In those days, I used to go fishing with a cane pole and a can of worms. Now it takes a bass boat with at least 100 horsepower, a tackle box with six trays on each side, two spinning reels, a casting reel and a fly reel, all with carbon-fiber rods attached. You also need a depth finder, and a water temp thermometer, a weather radio, two-way ship to shore, a four-wheeled boat trailer and an SUV with a towing package. Also a driver's license, a boat license, a trailer license, an SUV license, a fishing license (which in Tennessee, includes a hunting license)and cash for launching fees. Did I mention that there aren't any fish left? Ah yes. Progress.

Back to movies. I paid 10 cents in 1948, 35 cents in 1951, 50 cents in 1953, and by now they are probably over a dollar.

Speaking of 1953, that's the year I started college. I needed $40 for registration and $32 for a dorm room. That left me with $68 for books and meals from September until December. Then I had to start looking for another $140 or so for the next quarter. I got a job at 75 cents an hour. Easy money. I could even go to the movies about once a week.

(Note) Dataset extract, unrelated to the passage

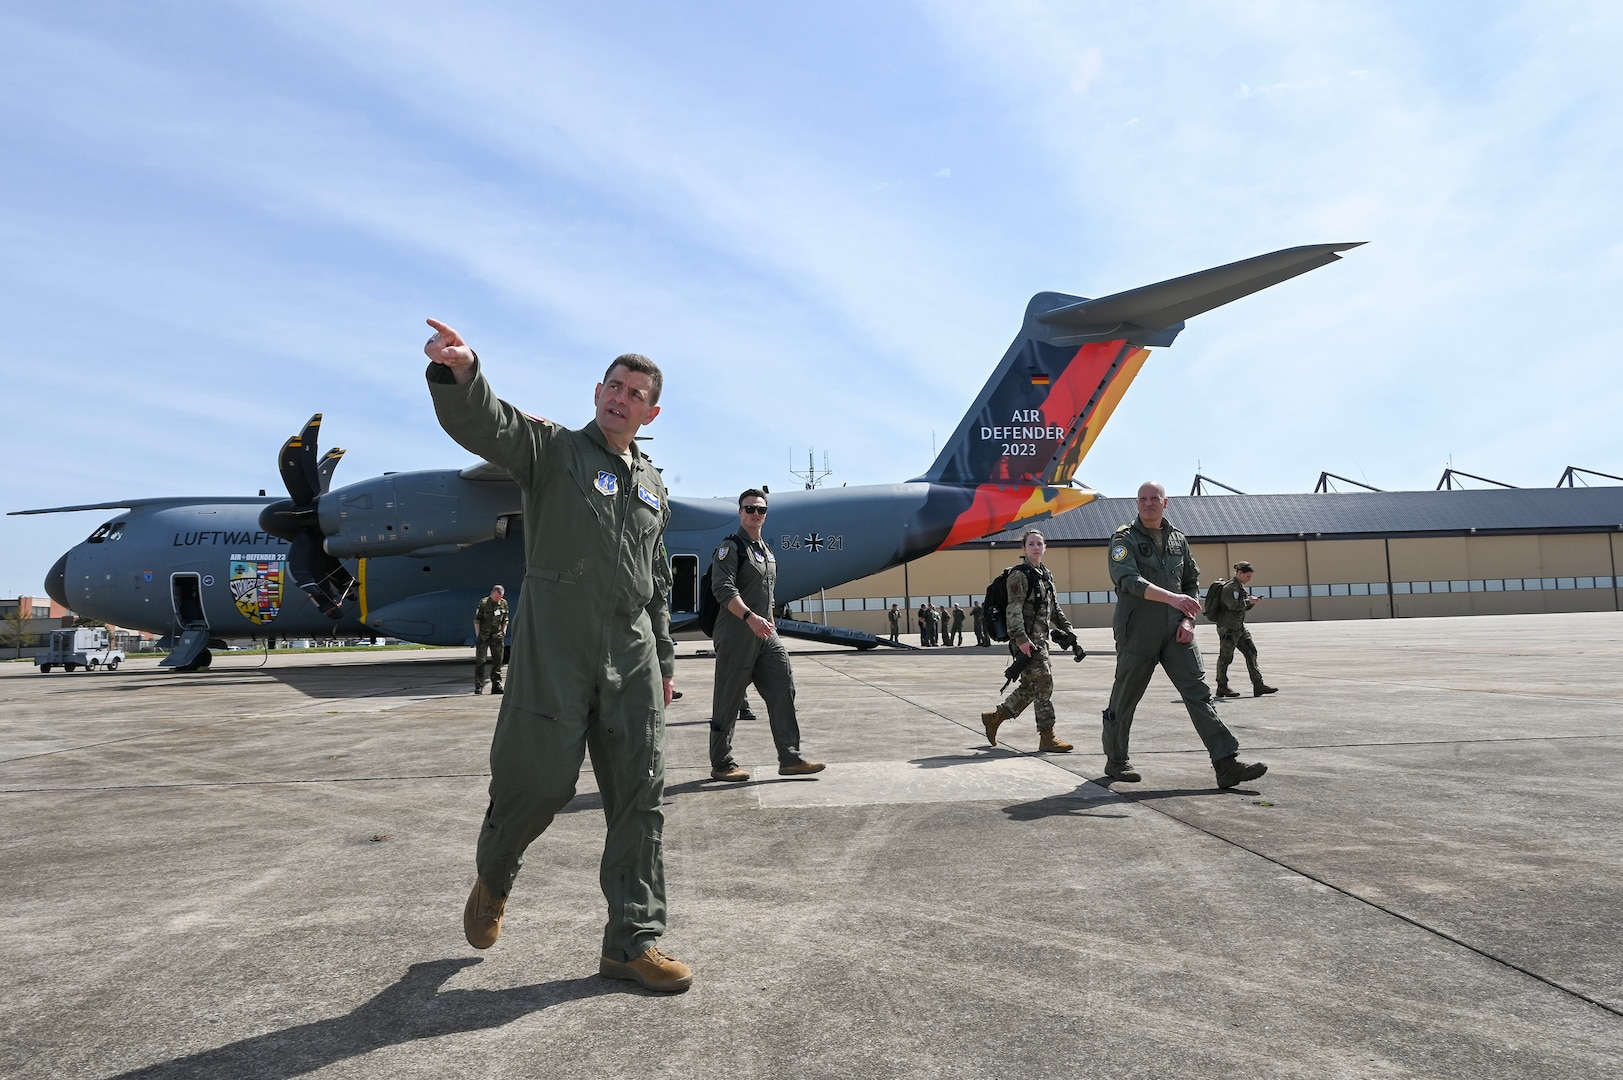 U.S. Air Force Lt. Gen. Michael Loh, front center, director, Air National Guard, tours the flightline during Air Defender 2023 Media Day, Joint Base Andrews, Maryland, April 4, 2023. Members of the German air force and media visited in preparation for Air Defender 2023 in June.

Remember the MGM musicals? They would take a Broadway play and put it on film. Sometimes the plot got lost, and they used a lot of that new-fangled technicolor, but they were interesting. I mainly went for the music. It was a complete shock when I found out that most of that stuff had been performed live, onstage in a mythical place called New York. Did you know that there really is a street called 42nd Street? Bogart was still living then, but he was no singer.

Do you ever watch retro-soap operas, like Dallas? Watch for a tall, distinguished actor named Howard Keel. I think he married Jock's widow, but I can't remember what they called him on TV. Anyway, he is a darn sight better singer that he ever was an actor. He sang bass when he had a solo and baritone in a duet. He sang with Jane Powell in "Seven Brides for Seven Brothers" and with Doris Day in "Annie Get Your Gun." He was in a bunch of those musicals. Maybe even "Showboat."

So now I have come full circle. I'm back to endless discussions about movies. It must be winter.